Checking the SVG spec, the width and height elements could be specified in values other than mm. From https://www.w3.org/TR/CSS21/syndata.html#value-def-length:

Absolute length units are fixed in relation to each other. They are mainly useful when the output environment is known. The absolute units consist of the physical units (in, cm, mm, pt, pc) and the px unit:

  • in: inches — 1in is equal to 2.54cm.
  • cm: centimeters
  • mm: millimeters
  • pt: points — the points used by CSS are equal to 1/72nd of 1in.
  • pc: picas — 1pc is equal to 12pt.
  • px: pixel units — 1px is equal to 0.75pt.

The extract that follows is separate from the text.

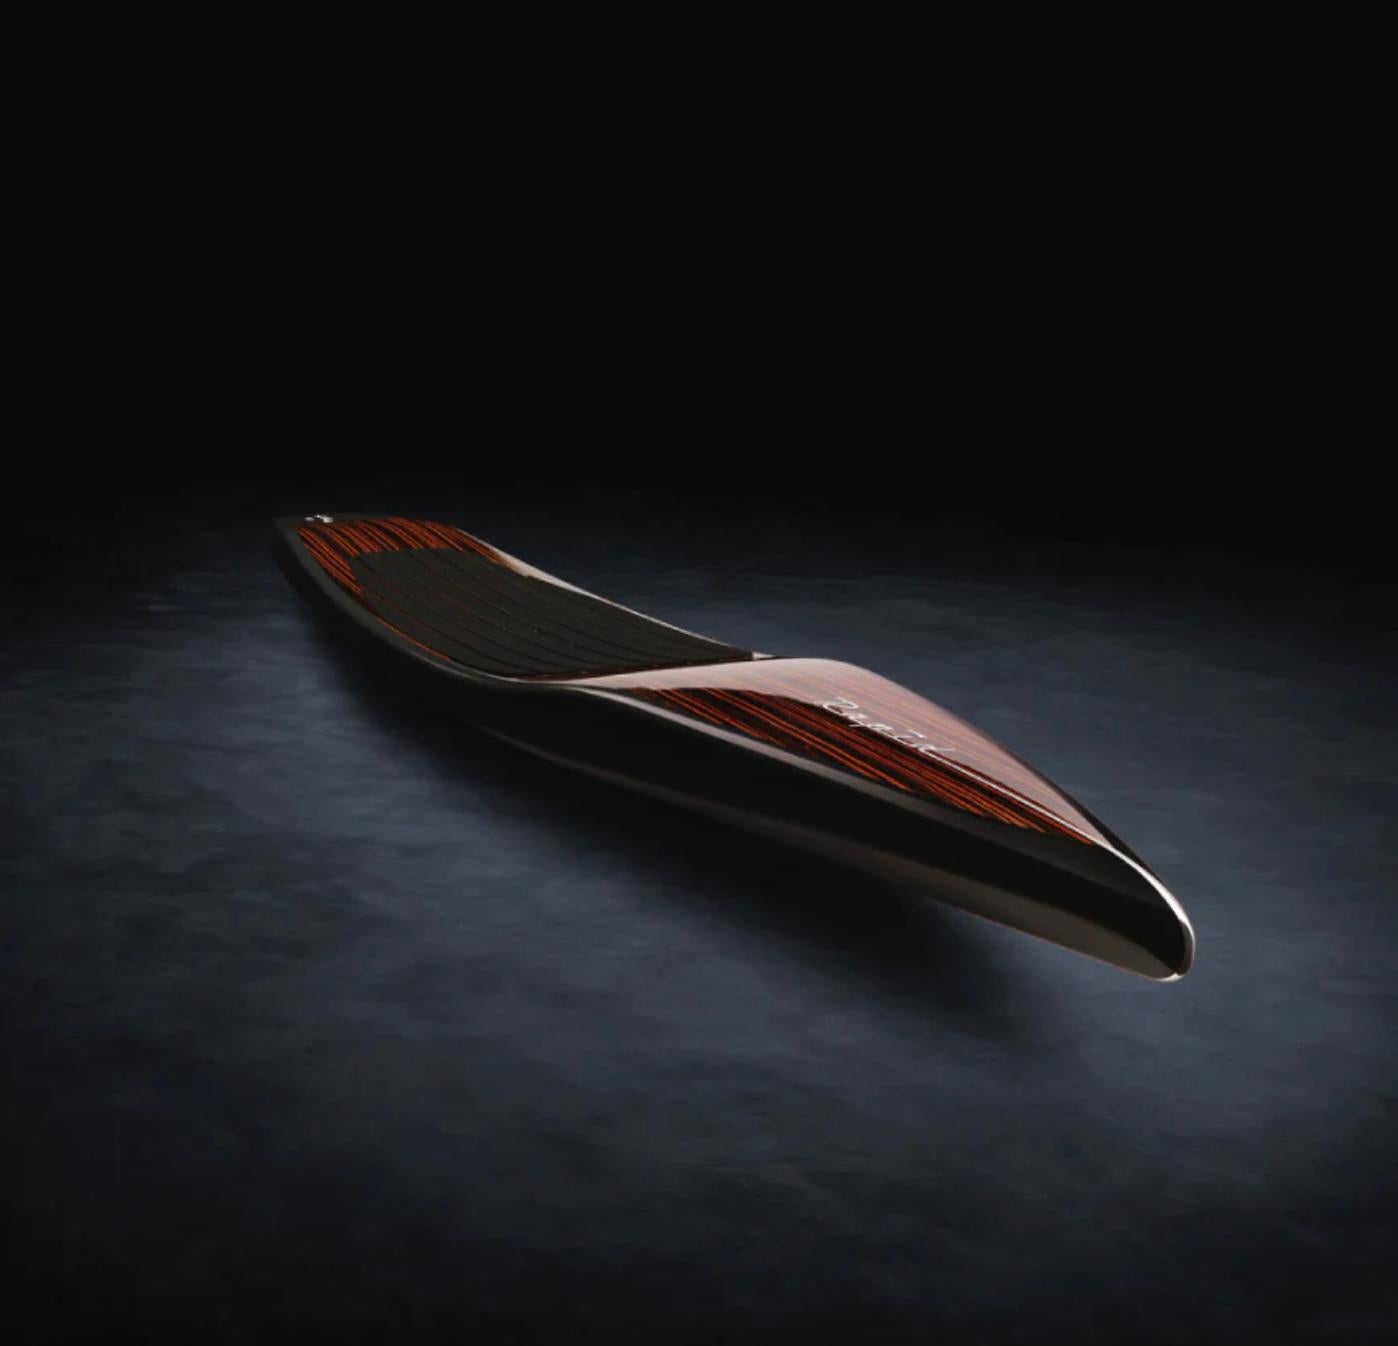 Les plus belles planches à pagaie du monde par Beau Lake. 

Conçue et fabriquée au Canada, la planche à pagaie Rapid est une planche à pagaie de type touring. Son corps long et étroit est entièrement construit en fibre de carbone pour créer une

So ideally we'd parse them to handle any of these and convert them all to mm

amcewen commented 3 years ago

I've added a new function to _parser_methods.py which can parse any of the valid lengths (and doesn't truncate the decimal part), and included some simple test cases for each of them. I doubt anyone will be specifying lengths in points or picas, but now they can :grinning:

That hasn't stopped the hiking.svg test case from failing. However, I've randomly sampled a couple of dozen points, and they all varied from the previous test case by less than 0.001mm, all in the Y dimension, so I'm assuming it's down to minor variations in the floating point arithmetic with the additional transformation.

The update to the hiking.svg test case is in a separate commit, in case you want to leave it out for further investigation.

Github seems to have added the commits for this to the existing PR automatically, so accepting that will fix this issue too.